A deeper-dive into early snowmelt

Engineer Pass by Stefan Serena is in the Public Domain

Climate impacts on the high mountain hydrologic cycle include less water held in the snowpack, earlier runoff, less precipitation falling as snow and lower summer streamflow

Durango, CO

For nearly two decades we have seen west-wide shifts in the hydrologic cycle including less water held in the snowpack, earlier runoff, less precipitation falling as snow and lower summer streamflow. The high Colorado Mountains, once considered relatively resistant to climate change, have recently undergone similar changes, even in the highest mountains of the southern Rockies. These changes, however, are not the same west-wide – there are important regional differences.  

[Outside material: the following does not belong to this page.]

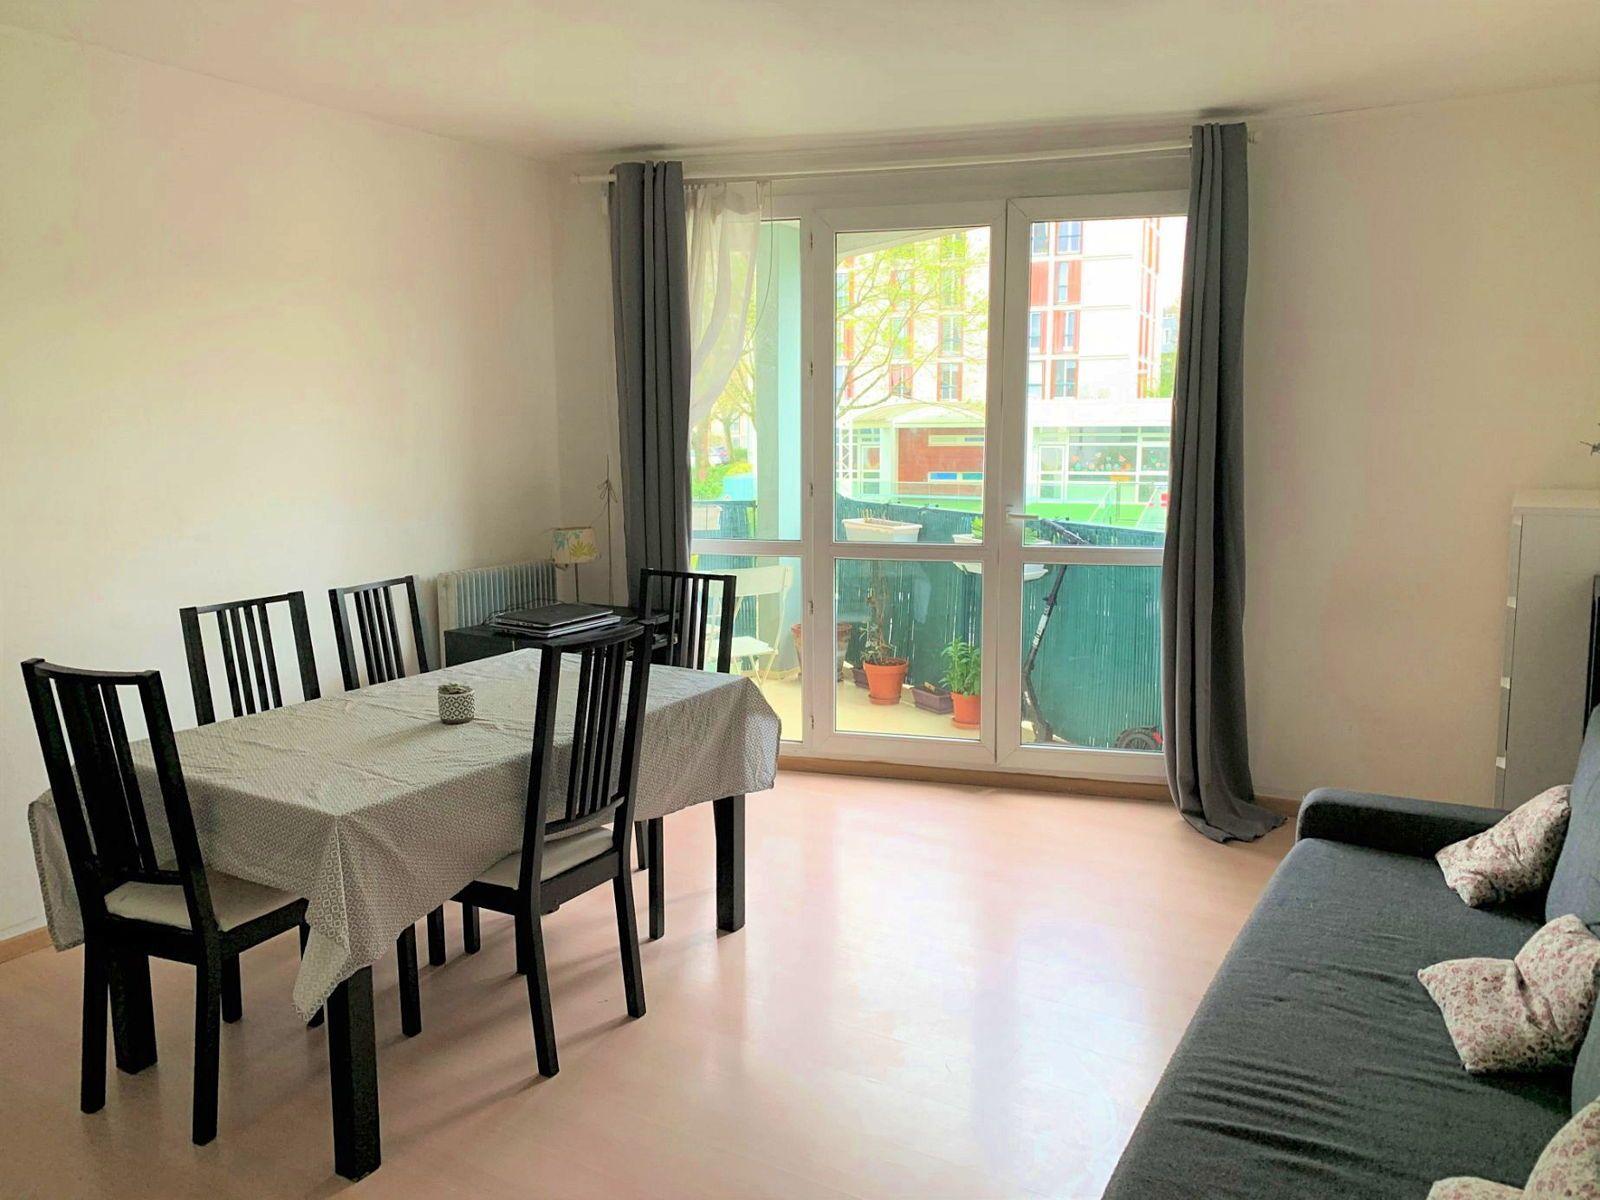 Vends Appartement Chaville 3pièce(s) 65.02m² balcon et box

Of our iconic western rivers, the Rio Grande offers a good example of how “climate-change-induced flow declines might sink a major system into permanent drought” (Dettinger et al. 2015).  We now have nearly 40 years of daily measured SNOTEL data in the Upper Rio Grande to test if the projected impacts of climate change appear in the observed snow record. They do.

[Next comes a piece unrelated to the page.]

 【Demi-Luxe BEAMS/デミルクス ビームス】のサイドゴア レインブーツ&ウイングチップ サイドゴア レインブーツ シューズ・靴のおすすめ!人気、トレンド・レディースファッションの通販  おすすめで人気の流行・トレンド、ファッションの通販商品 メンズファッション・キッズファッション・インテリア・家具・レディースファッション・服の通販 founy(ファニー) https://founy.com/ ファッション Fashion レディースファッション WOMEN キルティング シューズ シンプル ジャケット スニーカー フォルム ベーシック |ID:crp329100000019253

Chavairra and Gutzler recently reported a decline in Upper Rio Grande April 1 snow water equivalent (SWE; the amount of water held in the snowpack) of 25% between 1958 and 2015. The SWCH evaluated the details of observed hydrograph shifts at the oldest Upper Rio Grande SNOTEL sites (n=16). We found that on a regional basis:

  • The average annual maximum water held in the snowpack declined by 0.4 cm per year (1984-2018).
  • The dates of maximum SWE and no SWE at SNOTEL sites were an average of ~3 weeks earlier in 2018 than 1984.
  • The amount of time between maximum snowpack and no snow – the snowmelt window - has not changed.

Possible implications the earlier snowmelt window suggested by scientists at the 2019 Universities Council on Water Resources & National Institutes for Water Resources meeting include:

  • Impacts to aquatic and riparian species.
  • Disparate and localized community water stress, particularly on upstream communities lacking water storage.
  • Water compacts and regulations tied to specific dates could be impacted and should be revisited.
  • The potential of cloud seeding to augment dwindling snowpack was suggested.

These observed trends could be due to reduced snowfall, increased sublimation and lower snow albedo due to increased dust loading on spring snowpack.